[Collected data]
______________________________

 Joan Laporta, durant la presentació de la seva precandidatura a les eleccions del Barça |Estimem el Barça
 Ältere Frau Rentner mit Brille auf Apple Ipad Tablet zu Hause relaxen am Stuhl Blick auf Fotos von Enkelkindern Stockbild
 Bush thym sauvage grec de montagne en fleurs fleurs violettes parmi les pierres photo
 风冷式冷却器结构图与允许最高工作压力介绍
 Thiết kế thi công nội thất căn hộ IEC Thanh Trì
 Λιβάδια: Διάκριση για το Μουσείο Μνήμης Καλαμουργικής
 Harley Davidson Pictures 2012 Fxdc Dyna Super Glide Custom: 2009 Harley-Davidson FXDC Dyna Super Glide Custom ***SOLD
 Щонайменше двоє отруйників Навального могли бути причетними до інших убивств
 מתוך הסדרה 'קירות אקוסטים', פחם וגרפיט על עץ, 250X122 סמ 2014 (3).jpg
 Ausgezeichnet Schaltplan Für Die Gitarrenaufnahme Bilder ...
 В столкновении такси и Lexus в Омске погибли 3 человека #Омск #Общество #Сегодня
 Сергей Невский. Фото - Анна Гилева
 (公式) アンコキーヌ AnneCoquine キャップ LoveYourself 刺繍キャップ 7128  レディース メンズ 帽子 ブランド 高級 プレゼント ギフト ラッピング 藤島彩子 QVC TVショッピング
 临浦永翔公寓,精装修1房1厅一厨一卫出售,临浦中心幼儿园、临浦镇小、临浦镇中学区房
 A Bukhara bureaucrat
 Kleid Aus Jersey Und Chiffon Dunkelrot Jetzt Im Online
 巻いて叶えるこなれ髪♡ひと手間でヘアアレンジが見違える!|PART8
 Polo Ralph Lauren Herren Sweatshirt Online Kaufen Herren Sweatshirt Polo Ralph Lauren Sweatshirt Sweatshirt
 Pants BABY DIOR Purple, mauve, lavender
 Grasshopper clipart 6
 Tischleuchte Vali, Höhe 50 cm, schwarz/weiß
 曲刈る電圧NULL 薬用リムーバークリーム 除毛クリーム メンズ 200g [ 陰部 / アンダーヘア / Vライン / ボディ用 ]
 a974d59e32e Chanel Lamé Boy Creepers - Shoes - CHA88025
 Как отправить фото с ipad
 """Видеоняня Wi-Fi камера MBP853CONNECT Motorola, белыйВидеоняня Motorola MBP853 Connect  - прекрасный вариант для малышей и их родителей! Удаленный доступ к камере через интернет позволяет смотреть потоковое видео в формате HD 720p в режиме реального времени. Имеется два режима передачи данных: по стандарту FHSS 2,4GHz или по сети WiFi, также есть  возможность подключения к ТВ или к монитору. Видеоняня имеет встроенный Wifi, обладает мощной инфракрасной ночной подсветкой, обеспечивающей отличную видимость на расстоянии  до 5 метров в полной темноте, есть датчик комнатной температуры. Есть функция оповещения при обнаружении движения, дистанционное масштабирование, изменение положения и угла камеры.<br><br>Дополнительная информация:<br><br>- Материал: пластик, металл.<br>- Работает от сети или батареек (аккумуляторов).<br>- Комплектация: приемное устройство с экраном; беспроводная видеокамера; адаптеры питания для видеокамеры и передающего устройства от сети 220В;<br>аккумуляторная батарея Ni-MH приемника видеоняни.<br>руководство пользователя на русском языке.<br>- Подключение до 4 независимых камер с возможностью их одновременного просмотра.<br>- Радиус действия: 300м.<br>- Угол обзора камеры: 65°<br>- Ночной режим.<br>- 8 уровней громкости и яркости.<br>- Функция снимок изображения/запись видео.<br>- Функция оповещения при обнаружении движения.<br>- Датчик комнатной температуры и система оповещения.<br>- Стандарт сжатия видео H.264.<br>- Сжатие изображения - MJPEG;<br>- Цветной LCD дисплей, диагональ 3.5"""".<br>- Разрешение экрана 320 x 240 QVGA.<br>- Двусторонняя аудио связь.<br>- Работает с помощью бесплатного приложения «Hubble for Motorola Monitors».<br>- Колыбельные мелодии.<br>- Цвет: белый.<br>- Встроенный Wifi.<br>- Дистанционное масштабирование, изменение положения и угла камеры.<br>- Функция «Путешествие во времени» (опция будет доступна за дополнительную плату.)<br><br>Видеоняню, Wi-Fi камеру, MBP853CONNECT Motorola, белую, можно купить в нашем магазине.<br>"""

______________________________

What lines of the data contain the string "Online"? List them.

 Kleid Aus Jersey Und Chiffon Dunkelrot Jetzt Im Online
 Polo Ralph Lauren Herren Sweatshirt Online Kaufen Herren Sweatshirt Polo Ralph Lauren Sweatshirt Sweatshirt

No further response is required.